Pride comes before the fall.
I pressed harder. I needed her to crack, open up, and give me information. “She got pregnant by a settled boy. And you knew—”
“No! My Maura wasn’t like that!” She tried to slam the door shut, but I’d anticipated that and had already stuck my foot against the jamb.
“Like what, Ona?” Like my mother?
Her eyes popped. Tears sprang along the edges. “Get off my property!”
I leaned forward. “Did Nevan know he wasn’t the baby’s father?”
A tremor rippled through her muscles. I saw it. Plain as day. The fear Colm referred to. What was it that had her so scared? “Ona, what is it you’re not telling me? Has someone threatened you?”
“Leave her alone.” The voice, angry and masculine, came from directly behind me. I startled. My foot drew back; the door slammed shut. The lock clicked.
I turned. “Eddie.” He stood not five feet from me, his hand gripping a leash. The Lurcher on the other end curled its lips and snarled. Inside my car, Wilco went nuts, barking and scratching at the window. I tensed, but kept my gaze steady on Eddie’s one good eye. The other was patched like a pirate’s. “How are you feeling, Eddie?”
“What do you think? I’m half blind now.”
“I’m sorry.”
“No you’re not. You couldn’t care less. You’re out to get us like all the other damned coppers. Your own people. Everyone says you’re a traitor.”
“I’m doing my job, Eddie. Trying to bring Maura’s killer to justice. That’s what you want, right?”
“Leave Nevan alone. He wouldn’t hurt anyone. Especially not Maura.”
“Did Nevan tell you about the baby?”
He turned away, walking toward the back of the house.
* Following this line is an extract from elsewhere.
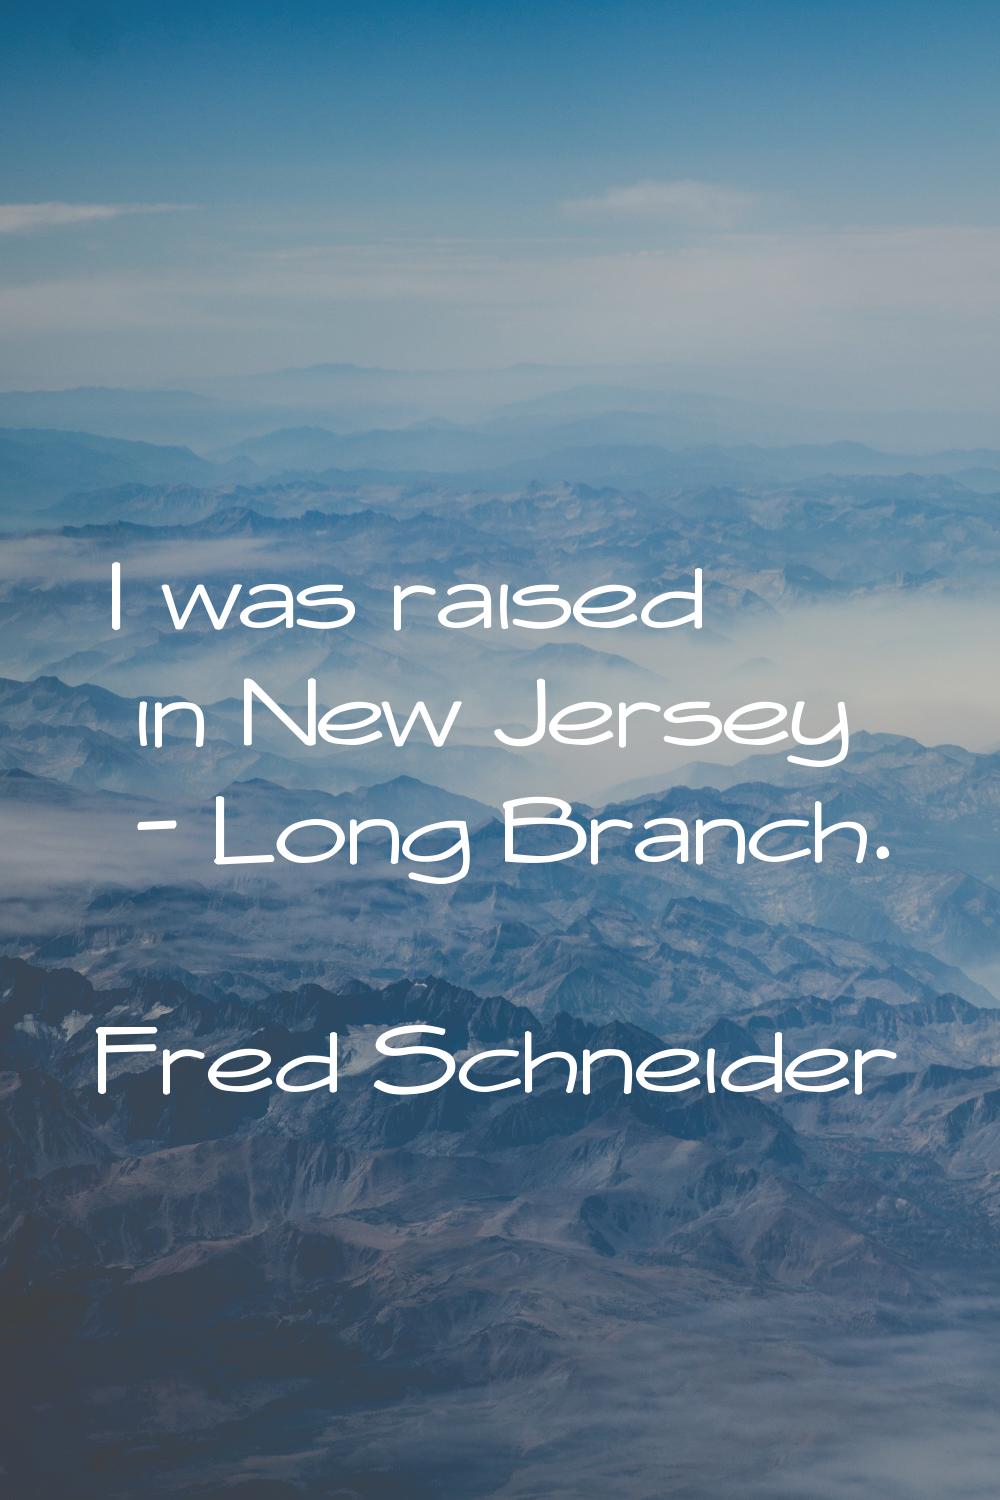 I was raised in New Jersey - Long Branch.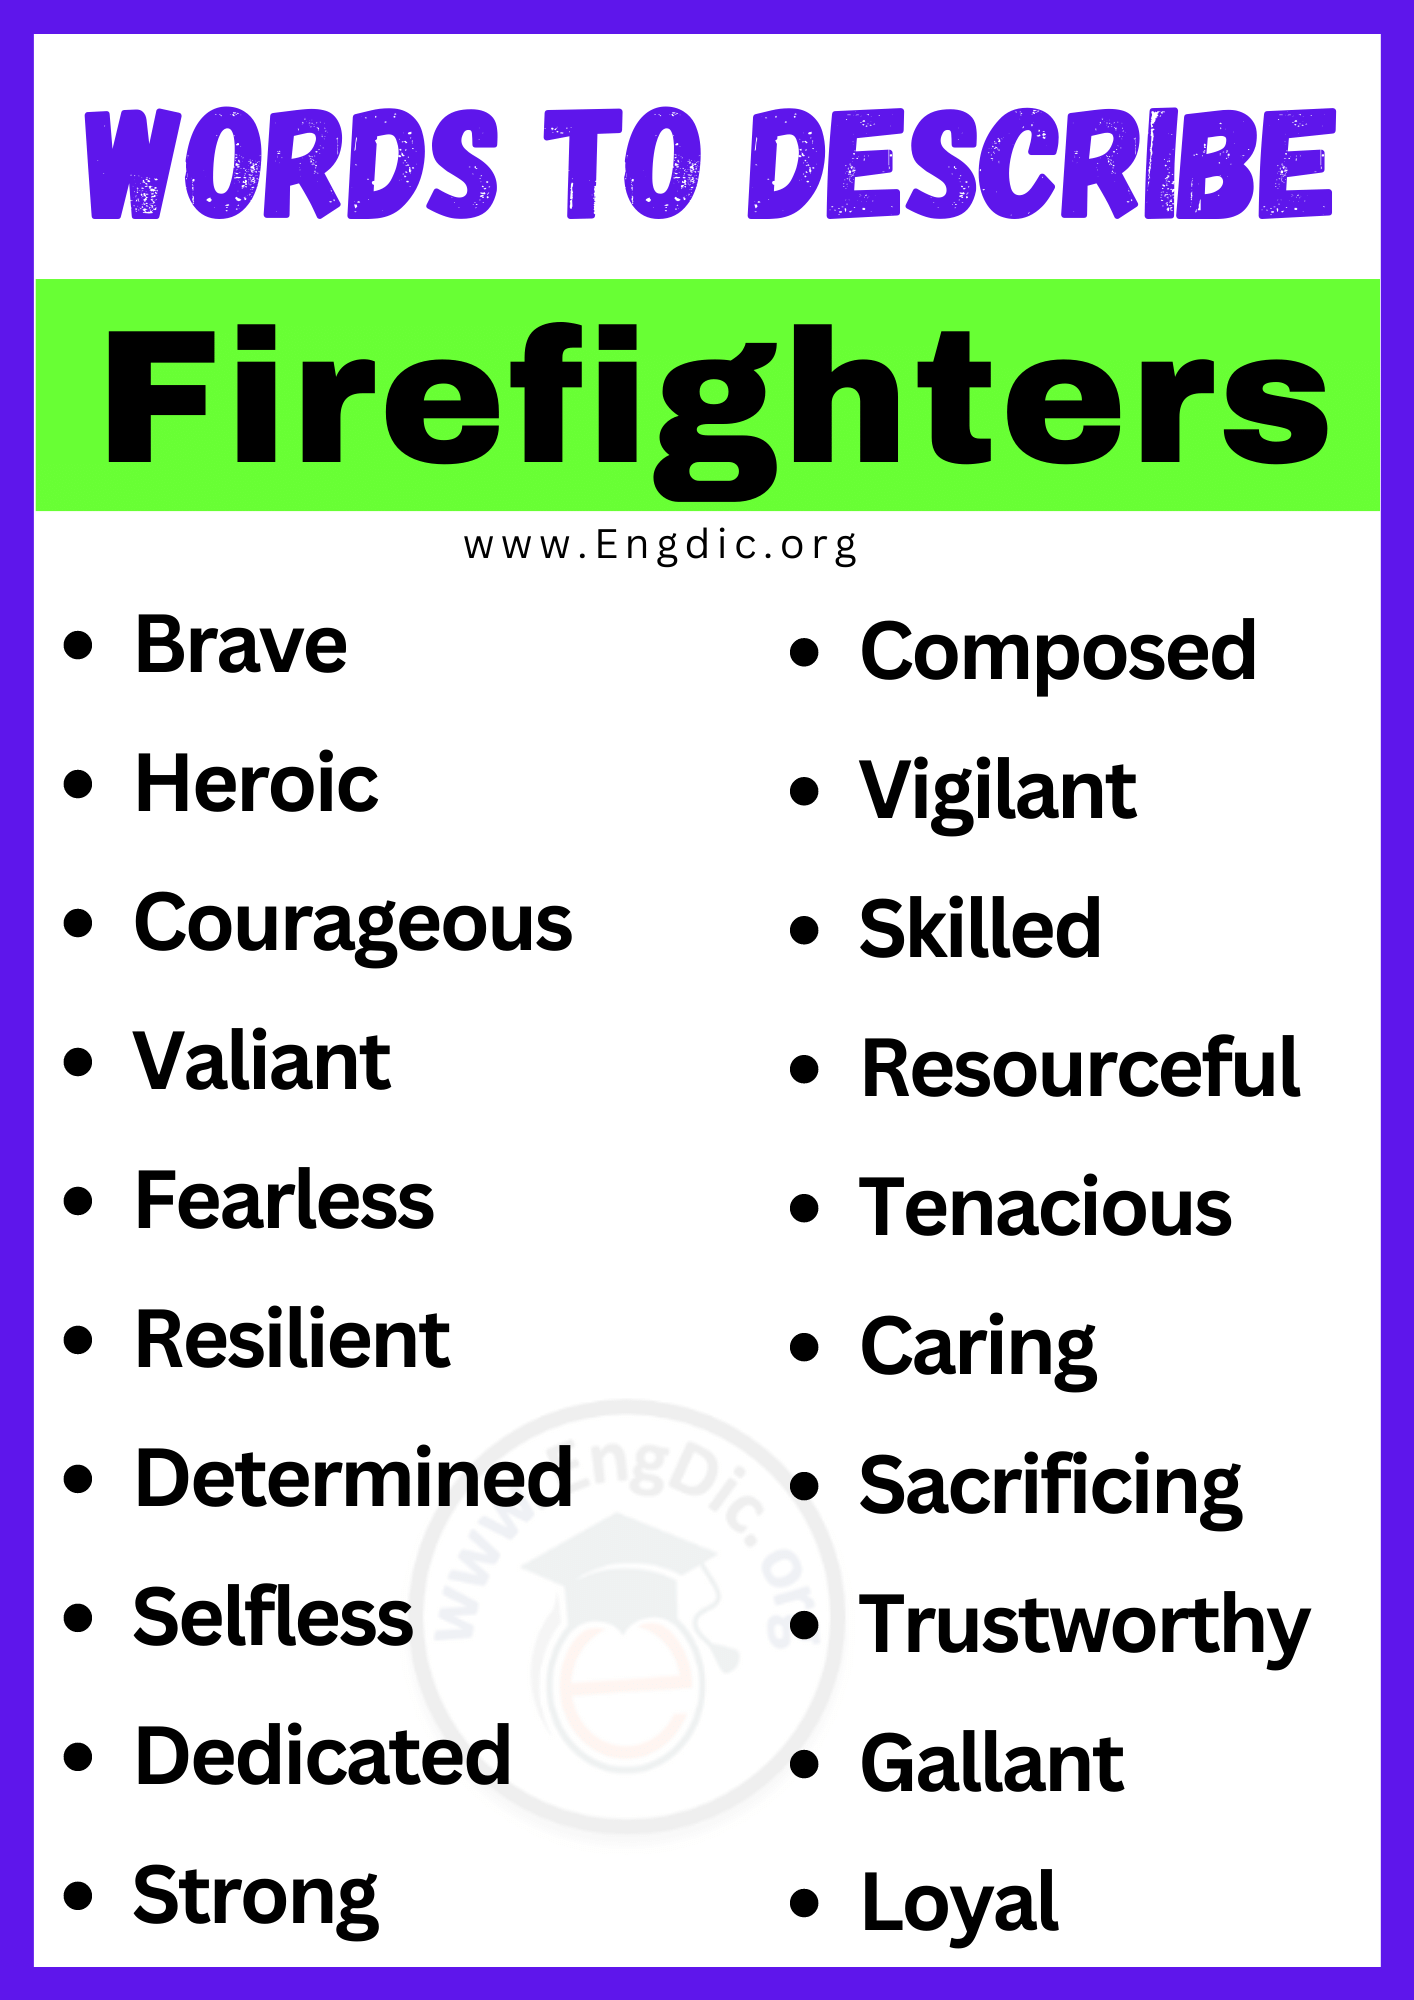 Words to Describe Firefighters

I followed. He went to the cages, unleashed the Lurcher, and guided it into one of the pens. I waited until the pen door was secured before stepping in closer. “Did Maura tell you that Nevan wasn’t the father?”
He whipped around. “Are you saying my sister was a limmer?”
No, I didn’t think she was a slut, but had she been in love with Hatch Anderson? Or had he taken advantage of her? From somewhere across the yard, I heard what sounded like a rooster crow. “What was that?”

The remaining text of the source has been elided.